Multi-Core Parallelism
====

In [1]:
%matplotlib inline
import matplotlib.pyplot as plt
import numpy as np
import os

In [2]:
from concurrent.futures import ThreadPoolExecutor, ProcessPoolExecutor
import multiprocessing as mp
from multiprocessing import Pool, Value, Array
import time

Vanilla Python
----

In [3]:
def mc_pi(n):
    s = 0
    for i in range(n):
        x = np.random.uniform(-1, 1)
        y = np.random.uniform(-1, 1)
        if (x**2 + y**2) < 1:
            s += 1
    return 4*s/n

In [4]:
%%time

mc_pi(int(1e5))

CPU times: user 584 ms, sys: 4 ms, total: 588 ms
Wall time: 587 ms


3.14364

In [5]:
%%time

res = [mc_pi(int(1e5)) for i in range(10)]

CPU times: user 6.02 s, sys: 8 ms, total: 6.03 s
Wall time: 6.03 s


The `concurrent.futures` module
----

Concurrent processes are processes that will return the same results regardless of the order in which they were executed. A "future" is something that will return a result sometime in the future.  The `concurrent.futures` module provides an event handler, which can be fed functions to be scheduled for future execution.
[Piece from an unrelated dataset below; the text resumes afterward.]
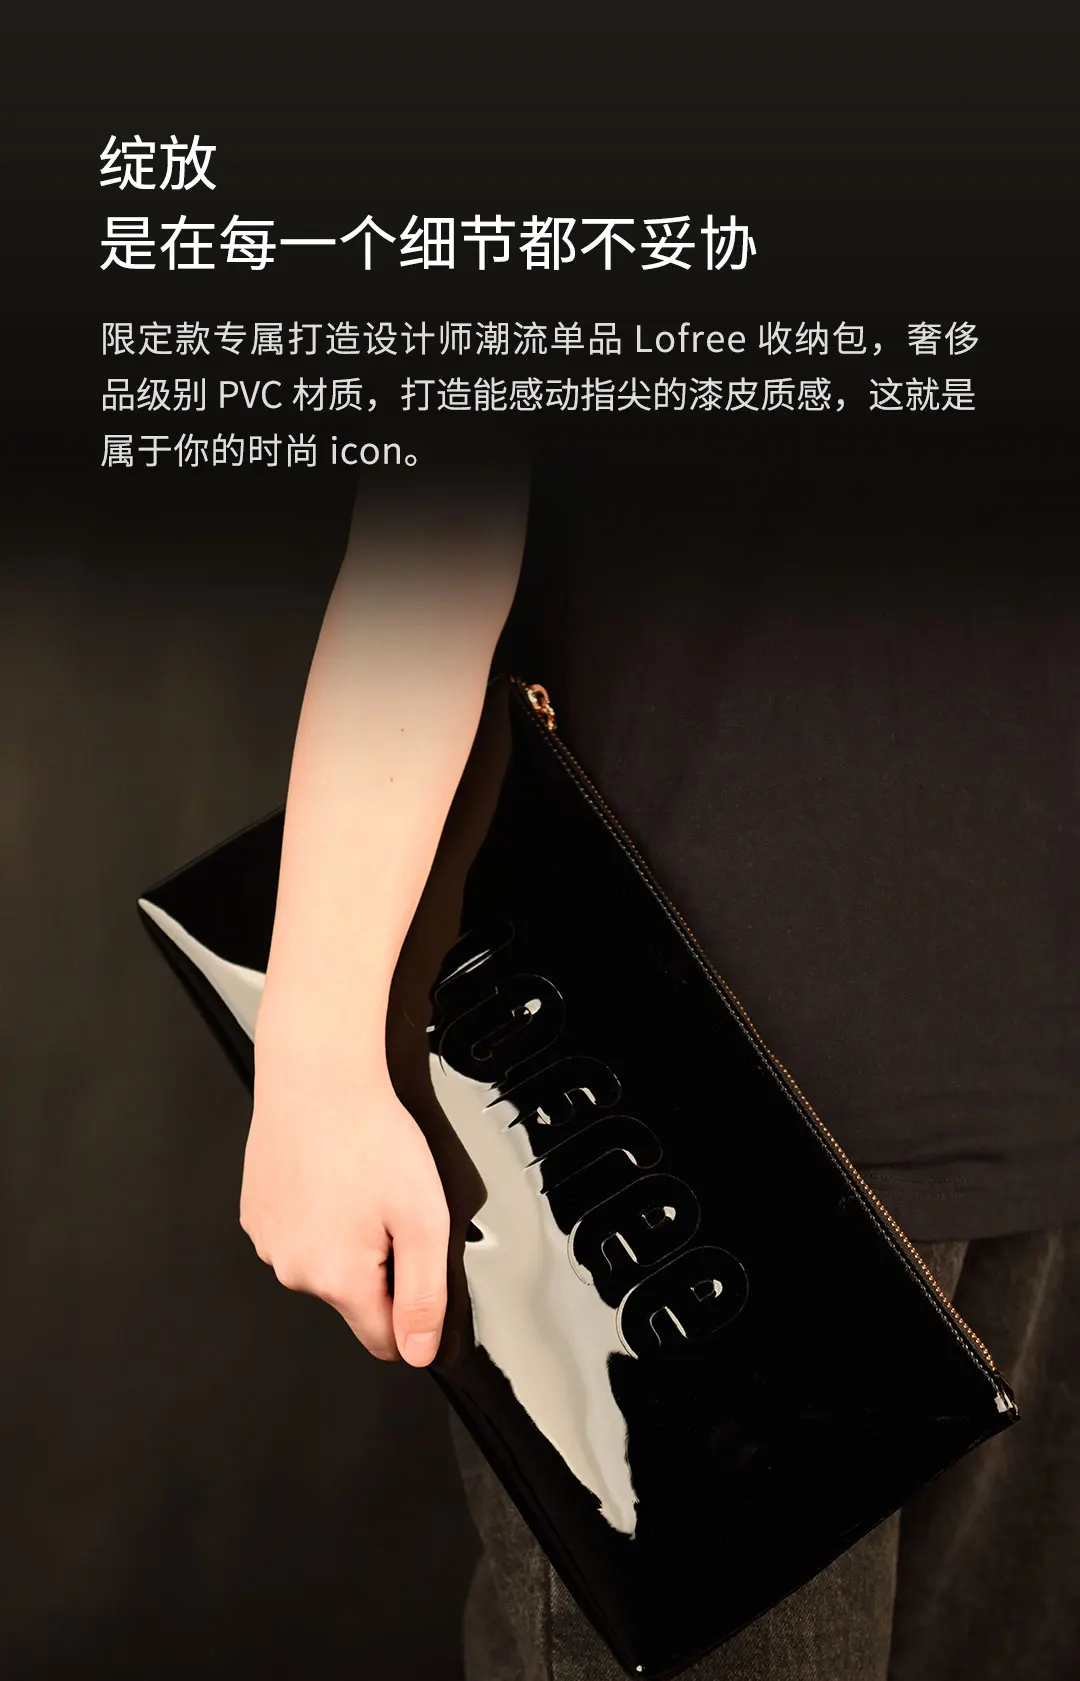 Оригинальная Беспроводная bluetooth-механическая клавиатура Xiaomi Lofree DOT с цветком, цветная игровая клавиатура с помадой, светодиодный подсветка

This provides us with a simple model for parallel execution on a multi-core machine.

While concurrent futures provide a simpler interface, it is slower and less flexible when compared with using `multiprocessing` for parallel execution.

Using processes in parallel with `ProcessPoolExecutor`
----

We get a linear speedup as expected.

In [6]:
%%time

with ProcessPoolExecutor(max_workers=4) as pool:
    res = pool.map(mc_pi, [int(1e5) for i in range(10)])

CPU times: user 32 ms, sys: 36 ms, total: 68 ms
Wall time: 1.87 s


In [7]:
np.array(list(res))

array([3.14444, 3.14444, 3.14444, 3.14444, 3.14568, 3.14568, 3.14568,
       3.14568, 3.14292, 3.14292])

### When you have many jobs

The `futures` object gives fine control over the process, such as adding callbacks and canceling a submitted job, but is computationally expensive. We can use the `chunksize` argument to reduce this cost when submitting many jobs - this specifies the number of tasks to be given to a worker at a time. A detailed explanation of `chunksize` is provided [here](https://stackoverflow.com/questions/53751050/python-multiprocessing-understanding-logic-behind-chunksize)

#### Using default `chunksize `

The total amount of computation whether you have 10 jobs of size 10,000,000 or 10,000 jobs of size 10,000 is essentially the same, so we would expect them both to take about the same amount of time, but this is not true due to the overhead described above.

In [8]:
%%time

with ProcessPoolExecutor(max_workers=4) as pool:
    res = pool.map(mc_pi, [int(1e2) for i in range(int(1e4))])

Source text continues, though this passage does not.